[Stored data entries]
-*-*-

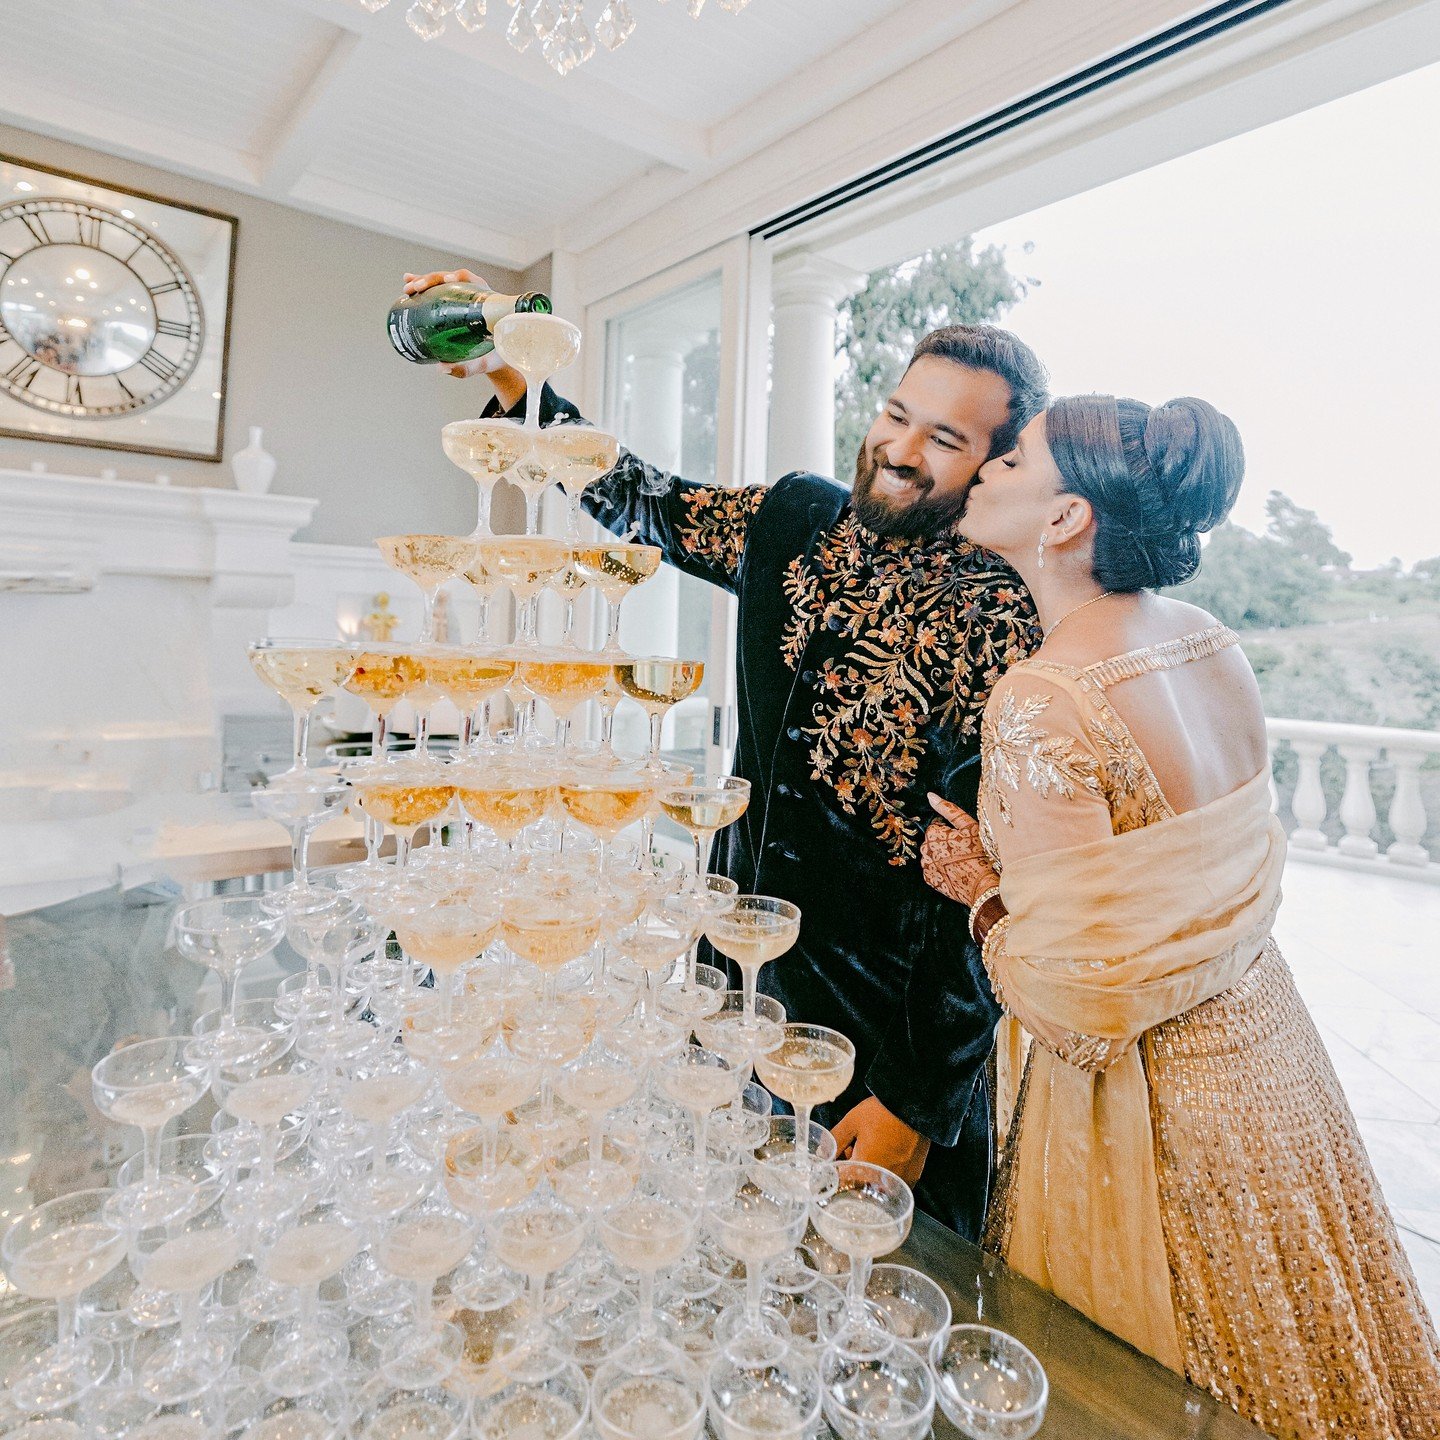 Marriage is a delicate balance, just like these champagne glasses

MYTH OR FACT -
I was once told that the coup champagne glasses pictured here were shaped after the delicate breast of Marie Antoinette who was renowned for her luxurious lifestyle 🍾
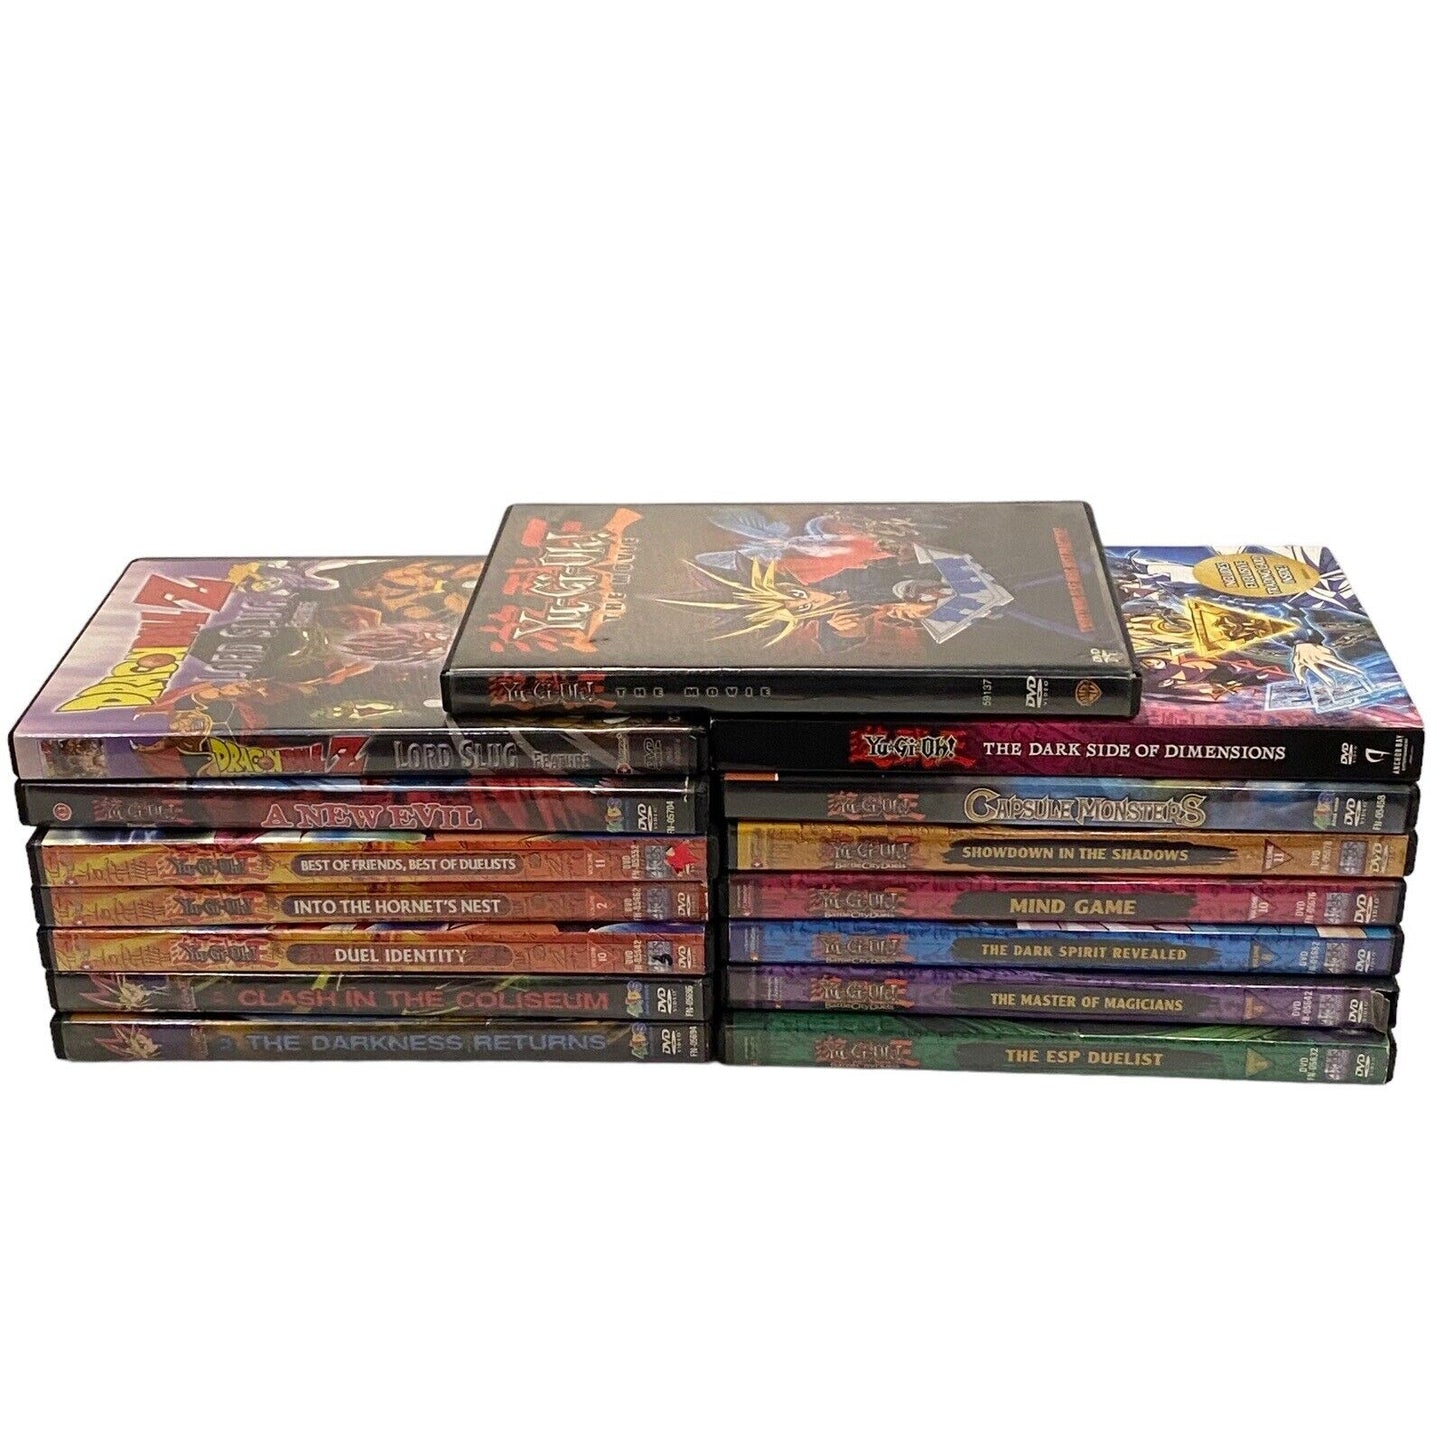 Mixed Lot 15 Anime DVDs Yu-Gi-Oh Battle City Duels Shadow Realm & Dragonball Z
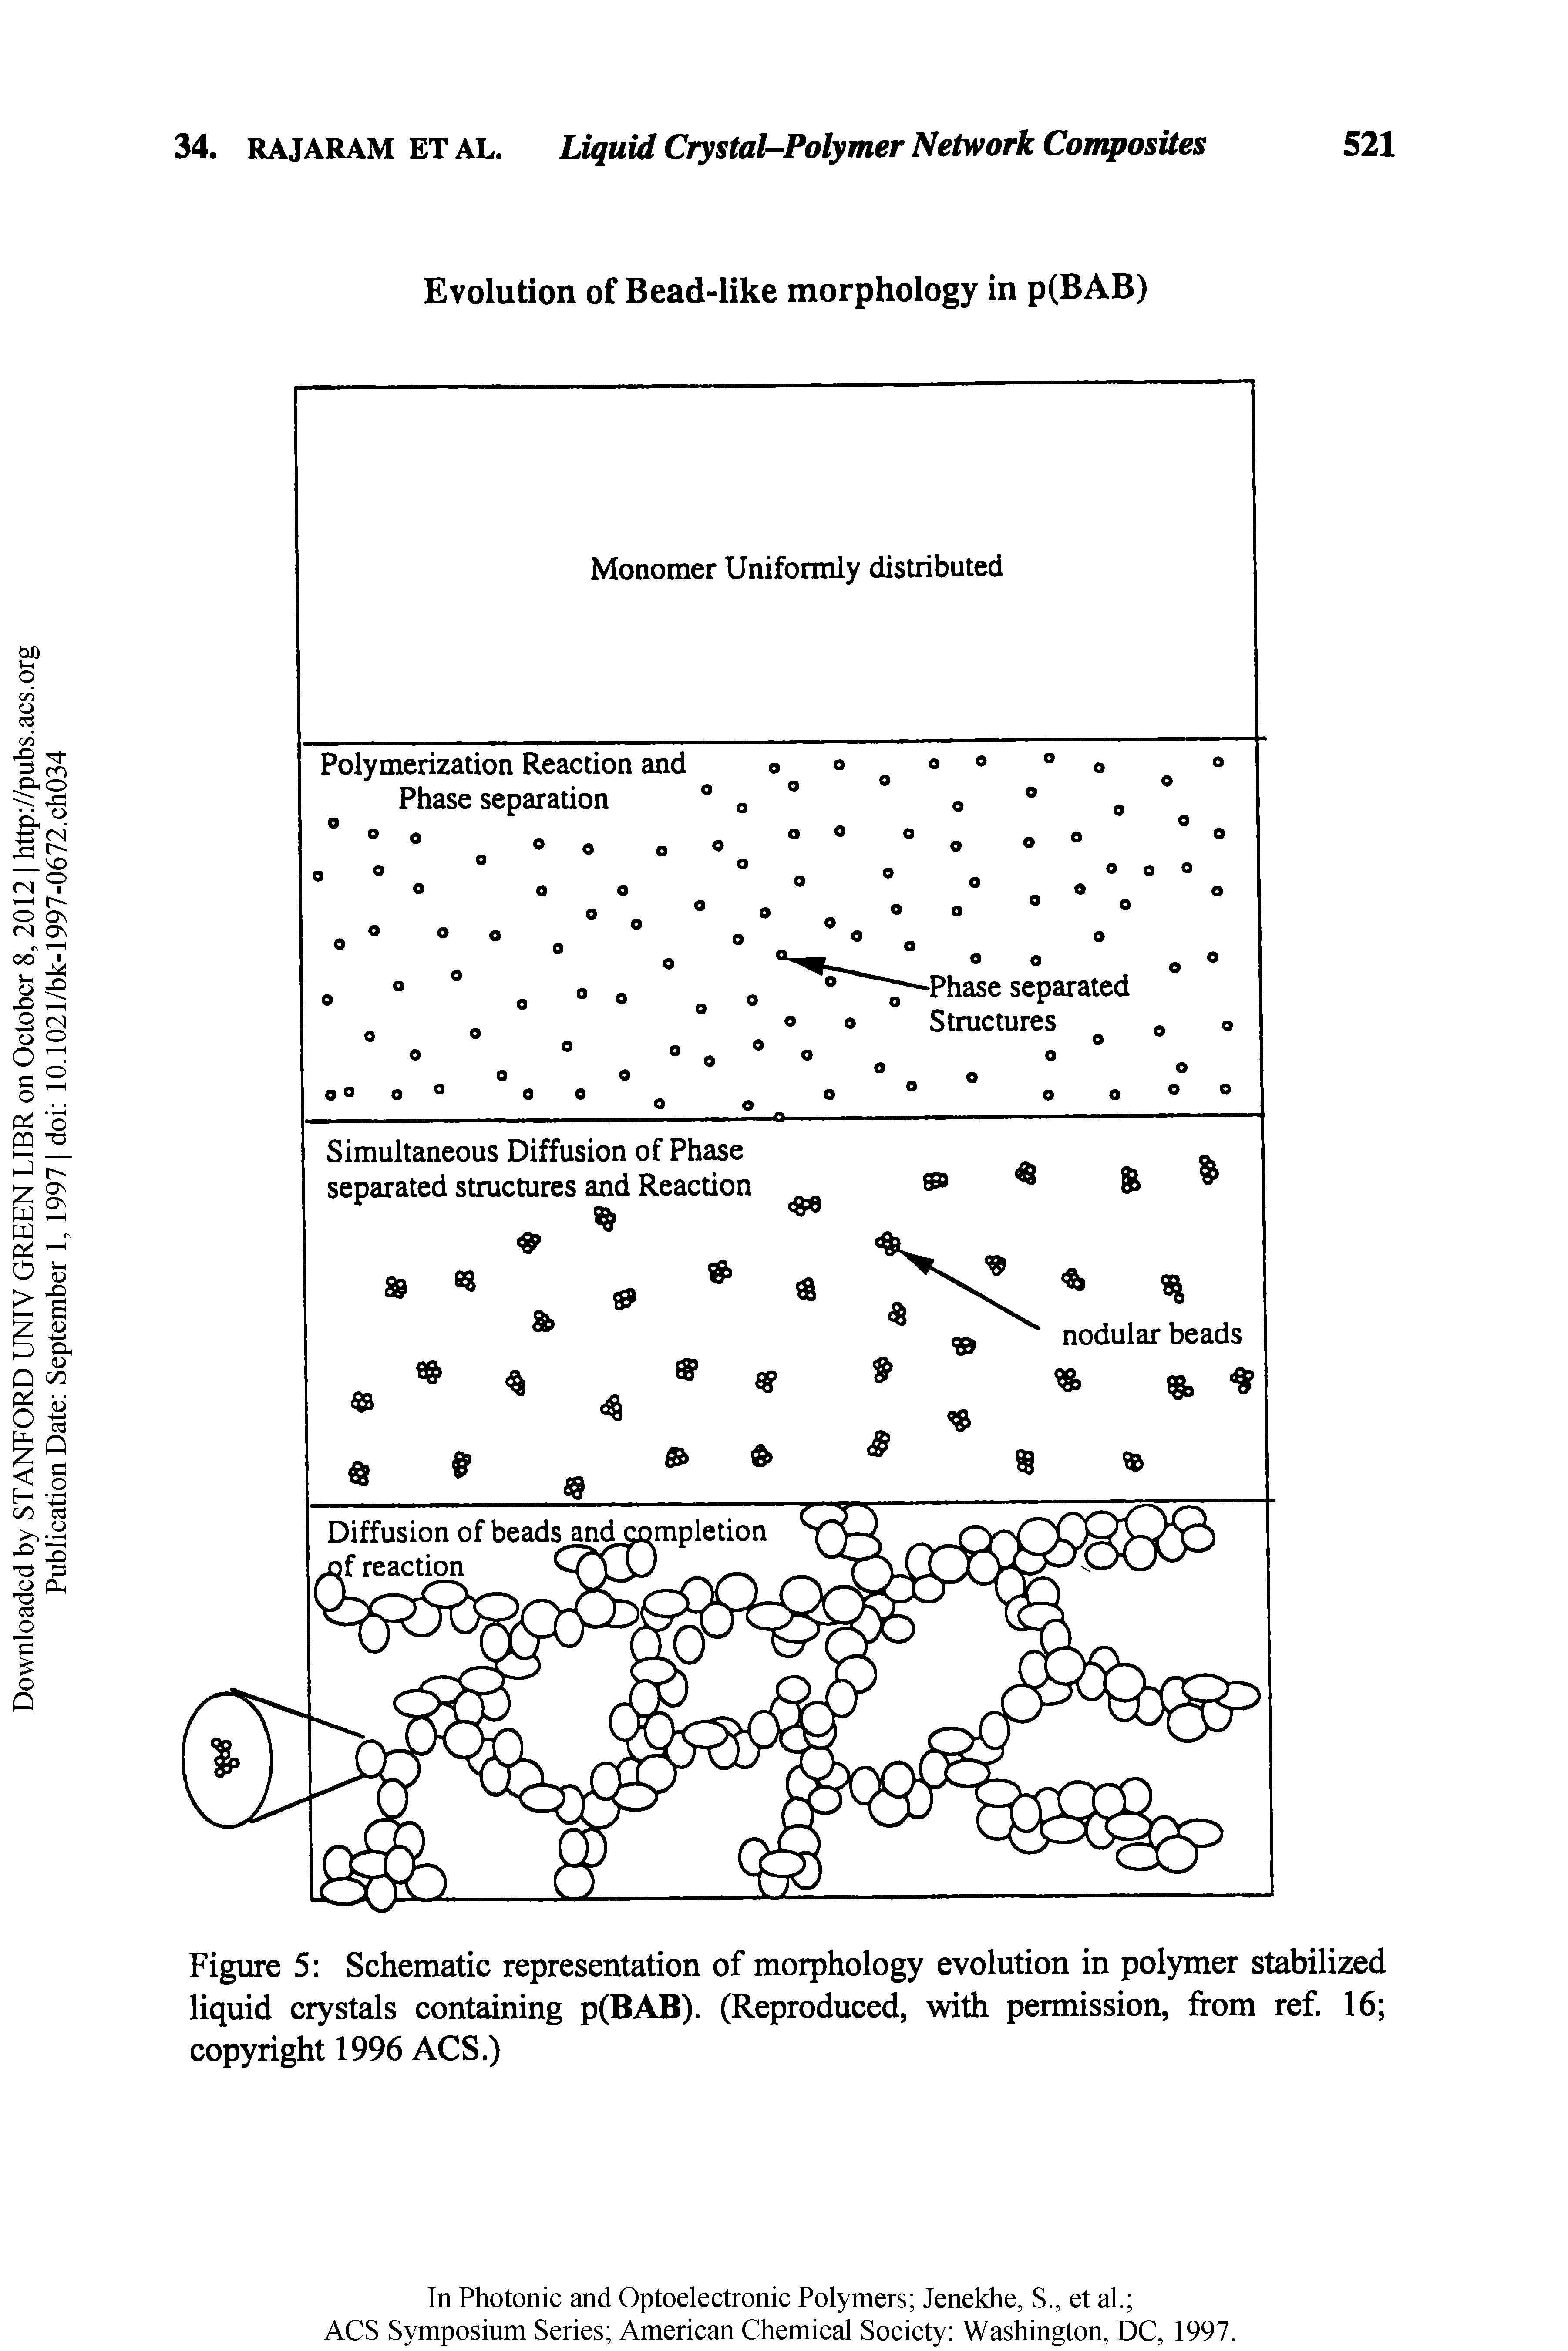 Figure 5 Schematic representation of morphology evolution in polymer stabilized liquid crystals containing p(BAB). (Reproduced, with permission, from ref. 16 copyright 1996 ACS.)...

-*-*-

The entries are to be restated word for word, and no picture should appear in the copy.

 Marriage is a delicate balance, just like these champagne glasses

MYTH OR FACT -
I was once told that the coup champagne glasses pictured here were shaped after the delicate breast of Marie Antoinette who was renowned for her luxurious lifestyle 🍾
 Mixed Lot 15 Anime DVDs Yu-Gi-Oh Battle City Duels Shadow Realm & Dragonball Z
 Figure 5 Schematic representation of morphology evolution in polymer stabilized liquid crystals containing p(BAB). (Reproduced, with permission, from ref. 16 copyright 1996 ACS.)...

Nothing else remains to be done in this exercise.